Append-only metrics indexed by timestamp.

Best for	Typical engines	Key traits
IoT telemetry, server metrics, market ticks	TimescaleDB, InfluxDB, Amazon Timestream	High ingest rate, roll-ups, window queries

value
20 ┤                              *
18 ┤                         *
16 ┤                    *
14 ┤               *
12 ┤          *
10 ┤     *
 8 ┤ *
 0 ┼────────────────────────── time

Graph

Graph databases represent data as nodes and edges, enabling fast traversals and complex relationship queries for connected data scenarios.

Nodes and edges with millisecond traversals.

Best for	Typical engines	Key traits
Social graphs, fraud rings, recommendations	Neo4j, Amazon Neptune, ArangoDB	Index-free adjacency, path finding, pattern matching

(Omar)───knows───(Layla)
  │ ▲              │
  │ └──knows────┐  │
  ▼             ▼  ▼
(Zayn)       (Noura)

In-Memory / Cache

In-memory and caching systems load data directly into RAM, delivering sub-millisecond access times for high-performance and transient workloads.

Entire dataset—or the hot subset—in RAM.

Best for	Typical engines	Key traits
Session state, leaderboard counters, low-latency look-ups	Redis, Memcached	µs read/write, TTL eviction, optional persistence

Client → [Redis] → (TTL 60 s) → Primary DB

Scalability

Scalability involves deciding between horizontal scaling (adding nodes) or vertical scaling (enhancing existing nodes). Managed services often offer auto-scaling to adjust capacity dynamically based on demand, supporting seamless growth without manual intervention.

Scale-Up (Vertical)

Vertical scaling, or scaling up, increases the capacity of a single node by adding more CPU, RAM, or IOPS, simplifying operations at the expense of hitting hardware limits.

Best for	How it scales	Trade-offs
Early MVPs, small OLTP apps	Add CPU / RAM / IOPS to one box	Simpler ops, but hard ceiling and cost curve is exponential

+------------+
| 4 vCPU, 8G |
+------------+
      │   upgrade
      ▼
+------------+
| 32 vCPU,   |
| 256 G RAM  |
+------------+

Read Replication

Read replication distributes query load by creating copies of the primary database, improving read throughput while maintaining a single write master.

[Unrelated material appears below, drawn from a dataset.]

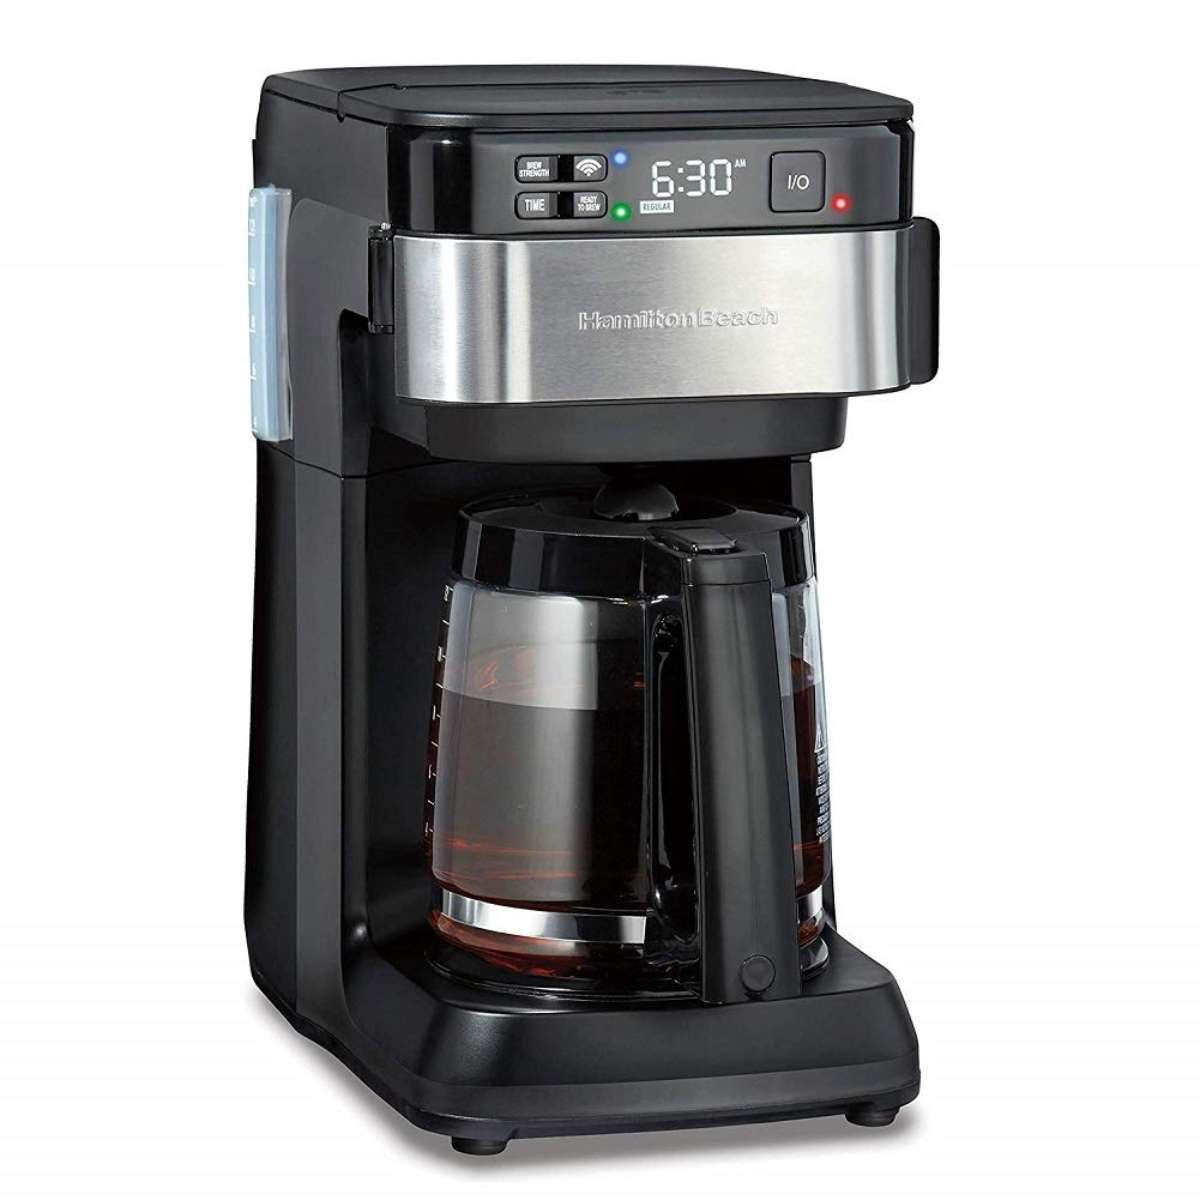 Hamilton Beach Smart Coffee Maker

Best for	How it scales	Trade-offs
Read-heavy workloads, dashboards	Fans out read traffic to N replicas	Write master can still bottleneck; replica lag

Clients
  │
  ├─► Replica 1  (SELECT)
  ├─► Replica 2  (SELECT)
  └─► Primary    (RW)

Sharding / Partitioning

Sharding splits data across multiple nodes based on key ranges or hash functions, enabling vast datasets to be partitioned for parallel processing.

Best for	How it scales	Trade-offs
Large OLTP sets, multitenant SaaS	Split data by key range or hash across nodes	Cross-shard joins/txns become complex

Shard Key = user_id % 3
┌────────────┬────────────┬────────────┐
│  Shard 0   │  Shard 1   │  Shard 2   │
│ users 0,3… │ users 1,4… │ users 2,5… │
└────────────┴────────────┴────────────┘

Geo-Distributed / Active-Active

Geo-distributed active-active configurations place writable nodes across regions to reduce latency and enhance resilience, requiring careful consensus and CAP trade-offs.

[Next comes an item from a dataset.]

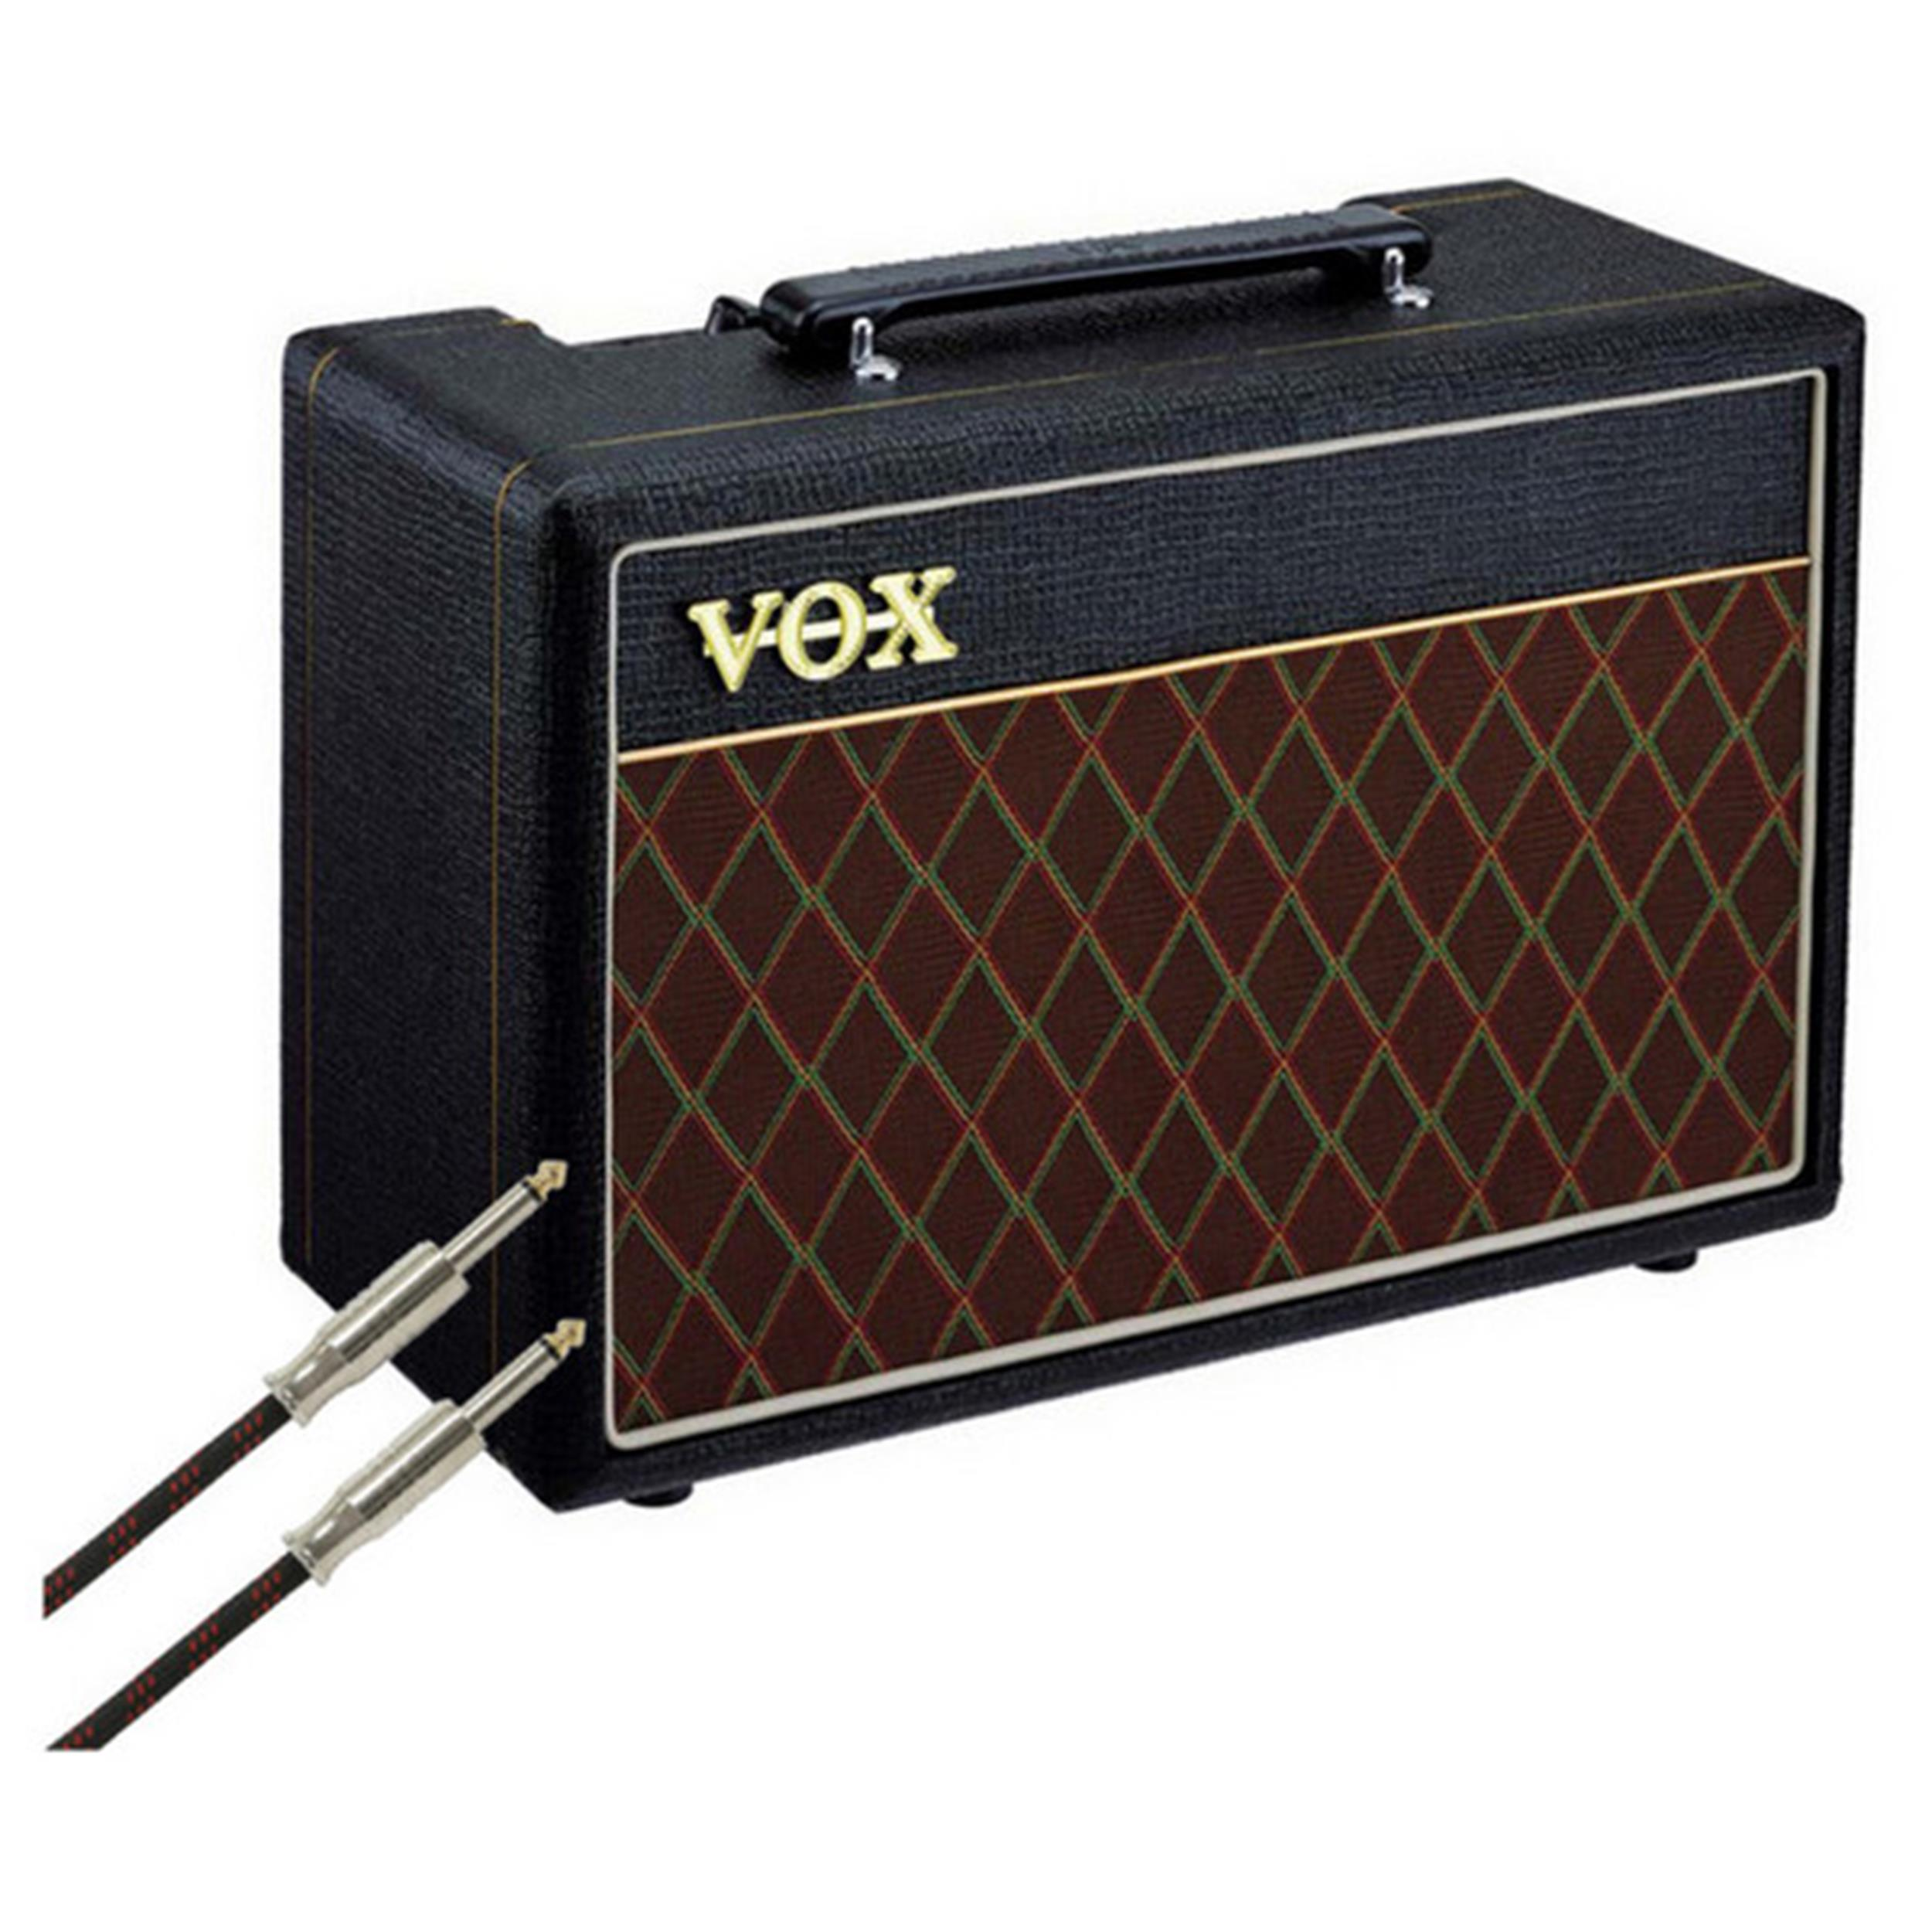 VOX PATHFINDER 10 COMBO

Best for	How it scales	Trade-offs
Low-latency global apps, BCDR	Writes land in nearest region; consensus syncs across sites	Network partitions → CAP decisions; higher cost

╭── us-east ──╮        ╭── eu-west ─╮
│  RW node    │◀──────▶│  RW node   │
╰─────────────╯        ╰────────────╯

Serverless / Elastic Autoscaling

Serverless and elastic autoscaling platforms automatically adjust compute resources in response to traffic spikes, offering rapid scaling at the cost of cold start delays.

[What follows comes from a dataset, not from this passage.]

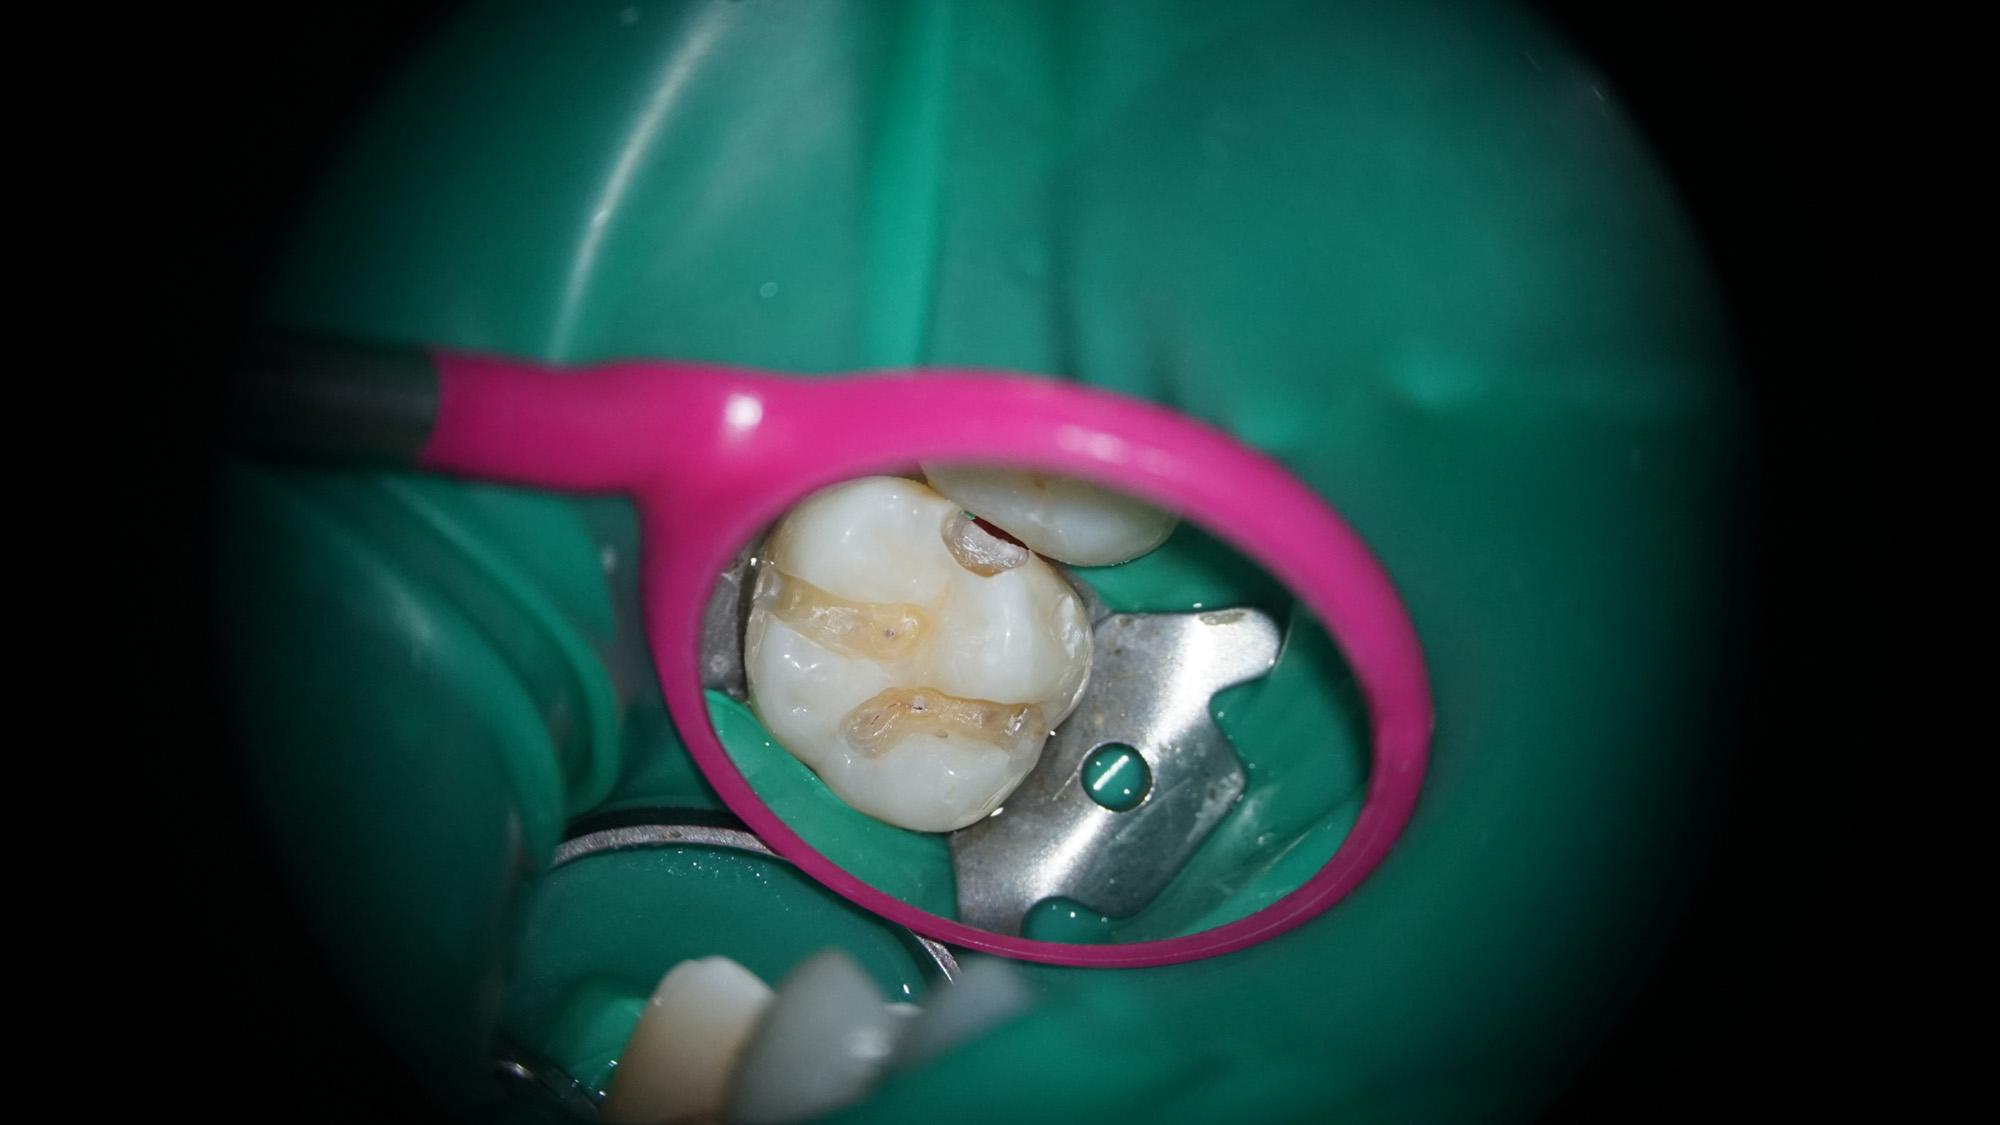 Dental work through microscope

Best for	How it scales	Trade-offs
Spiky, unpredictable traffic	Capacity grows & shrinks in seconds	Cold starts, price premium per request

Load
  │
  ├──── low ──► 1 container
  └──── burst ► 50 containers

Dedicated Cache Layer

Adding a dedicated caching layer offloads frequent reads to in-memory stores, accelerating data access but introducing extra hops and eviction complexities.

Best for	How it scales	Trade-offs
Hot-read amplification, session state	Offload reads to in-memory tier; add nodes linearly	Extra hop, eviction strategy required

Client → Redis Cluster → Primary DB
          (1 ms)          (10 ms)

Availability and Reliability

Maintaining uptime and reliability requires features like Multi-AZ deployments, read replicas, and robust backup and recovery options. Managed services with built-in failover capabilities can ensure your database remains accessible during hardware failures or other disruptions.

Resiliency is architecture, not luck—choose a pattern that meets your SLA and your budget.*

Single-Node + Local Backup

Local backups provide a basic level of protection by dumping data to the same infrastructure, suitable for non-critical environments with relaxed recovery objectives.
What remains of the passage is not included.